Collections - Advanced Python 06
The collections module in Python implements specialized container datatypes providing alternatives to Python’s general purpose built-in containers, dict, list, set, and tuple.
The collections module in Python implements specialized container datatypes providing alternatives to Python’s general purpose built-in containers, dict, list, set, and tuple.
The following tools exist:
- namedtuple : factory function for creating tuple subclasses with named fields - OrderedDict : dict subclass that remembers the order entries were added - Counter : dict subclass for counting hashable objects - defaultdict : dict subclass that calls a factory function to supply missing values - deque : list-like container with fast appends and pops on either end
In Python 3 some more modules exist (ChainMap, UserDict, UserList, UserString). See https://docs.python.org/3/library/collections.html for further references.
Counter¶
A counter is a container that stores elements as dictionary keys, and their counts are stored as dictionary values.

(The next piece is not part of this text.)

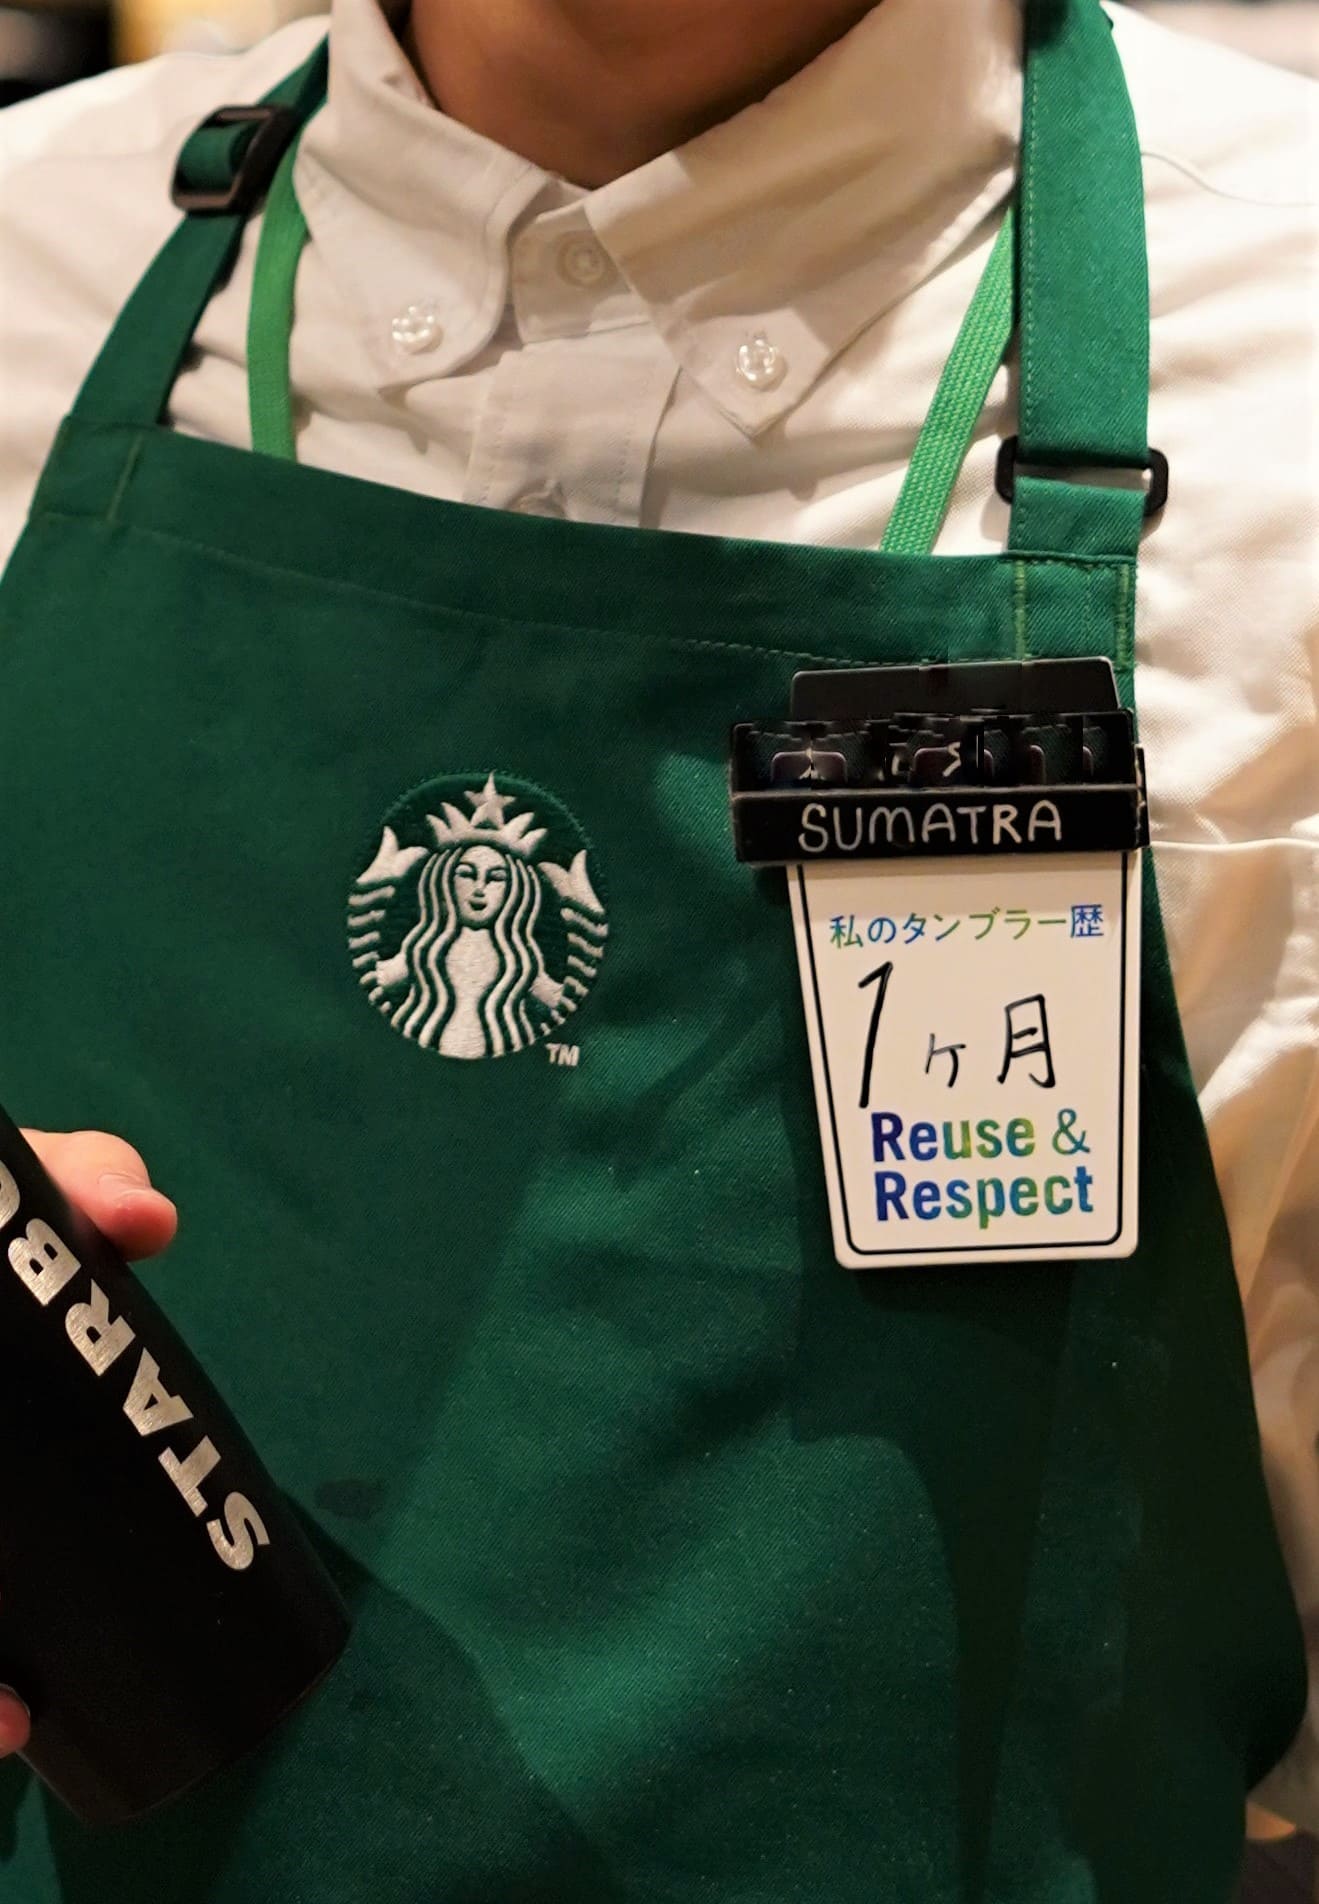 持続可能な未来のために今すぐできることスターバックスは「Reuse  Respect」サステナビリティプロジェクトの一環として、4月22日のアースデイから、使い捨てプラスチック削減キャンペーンをスタート  | スターバックス コーヒー ジャパン

from collections import Counter
a = "aaaaabbbbcccdde"
my_counter = Counter(a)
print(my_counter)
print(my_counter.items())
print(my_counter.keys())
print(my_counter.values())
my_list = [0, 1, 0, 1, 2, 1, 1, 3, 2, 3, 2, 4]
my_counter = Counter(my_list)
print(my_counter)
# most common items
print(my_counter.most_common(1))
# Return an iterator over elements repeating each as many times as its count.
# Elements are returned in arbitrary order.
print(list(my_counter.elements()))
Counter({'a': 5, 'b': 4, 'c': 3, 'd': 2, 'e': 1})
dict_items([('a', 5), ('b', 4), ('c', 3), ('d', 2), ('e', 1)])
dict_keys(['a', 'b', 'c', 'd', 'e'])
dict_values([5, 4, 3, 2, 1])
Counter({1: 4, 2: 3, 0: 2, 3: 2, 4: 1})
[(1, 4)]
[0, 0, 1, 1, 1, 1, 2, 2, 2, 3, 3, 4]
namedtuple¶
namedtuples are easy to create, lightweight object types. They assign meaning to each position in a tuple and allow for more readable, self-documenting code. They can be used wherever regular tuples are used, and they add the ability to access fields by name instead of position index.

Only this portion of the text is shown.